Make sure the variety of buckwheat you buy is a good nectar producer.

Tom


----------



## mnflemish (Jun 7, 2010)

I had buckwheat last year. The bees only feed on it in the morning, then the nectar goes down. But the bees did love it. I found that I could see a difference in color on the frames but with the bees foraging on other fields from noon on that I didn't see a lot of difference in flavor, so I had a mix in my honey. I was told that once you plant buckwheat is will come back year after year so when you plant -plan on that area being buckwheat. It does freeze easy, then it's done. And besure you have a good nectar producing variety of buckwheat. There are some that are not very good at all. There are other threads on this forum with good info so search them out.
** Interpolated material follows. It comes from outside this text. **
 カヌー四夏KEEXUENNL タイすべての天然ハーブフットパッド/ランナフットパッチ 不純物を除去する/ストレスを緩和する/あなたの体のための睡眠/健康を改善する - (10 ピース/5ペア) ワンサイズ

Good Luck. 
Carol


----------



## samak (Sep 15, 2006)

Like the others have said, make sure you get a type of buckwheat that produces nectar. I have seen a field of buckwheat in bloom and no bees on it. There were quite a number of hives nearby. The beek I was with told me that for some reason that type of buckwheat never seemed to produce any nectar. Im not sure what type it was.
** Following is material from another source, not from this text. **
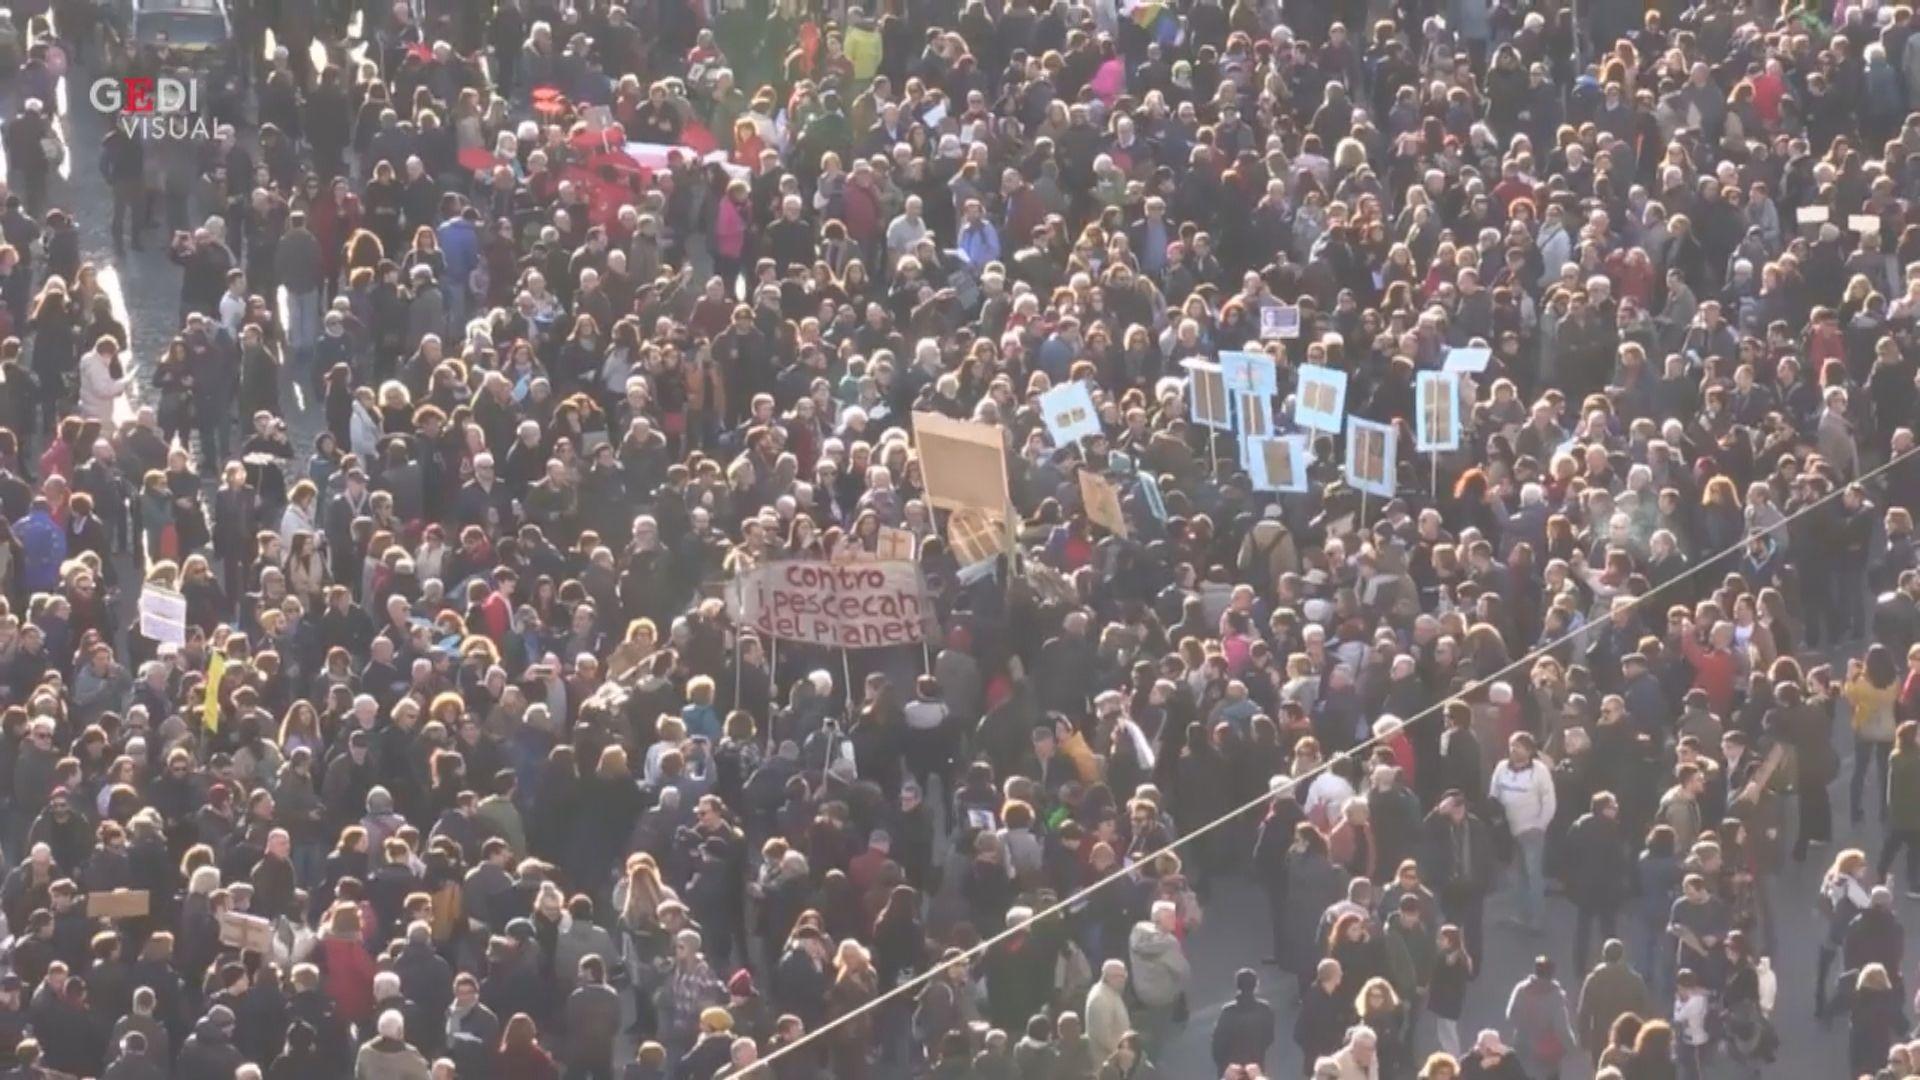 意大利羅馬逾十萬人參與沙甸魚示威反民粹

Heres something interesting about buckwheat:
"Buckwheat nectar flow is favored by adequate moisture combined with clear, still days and cool nights. Under these conditions, an acre of buckwheat may support a hive of bees and yield up to 150 pounds of honey in a season. Reports are that it is not uncommon for a strong colony to glean 10 pounds of honey per day while foraging buckwheat. Although buckwheat is one of the most dependable and highest yielding honey plants, it normally yields nectar only during the morning and bees are unable to complete a full day of nectar collection. As a result, bees working buckwheat may not be very amiable to the beekeeper should he visit his hives in the afternoon."
Taken from: http://www.hort.purdue.edu/newcrop/afcm/buckwheat.html


----------



## mvan (Oct 4, 2010)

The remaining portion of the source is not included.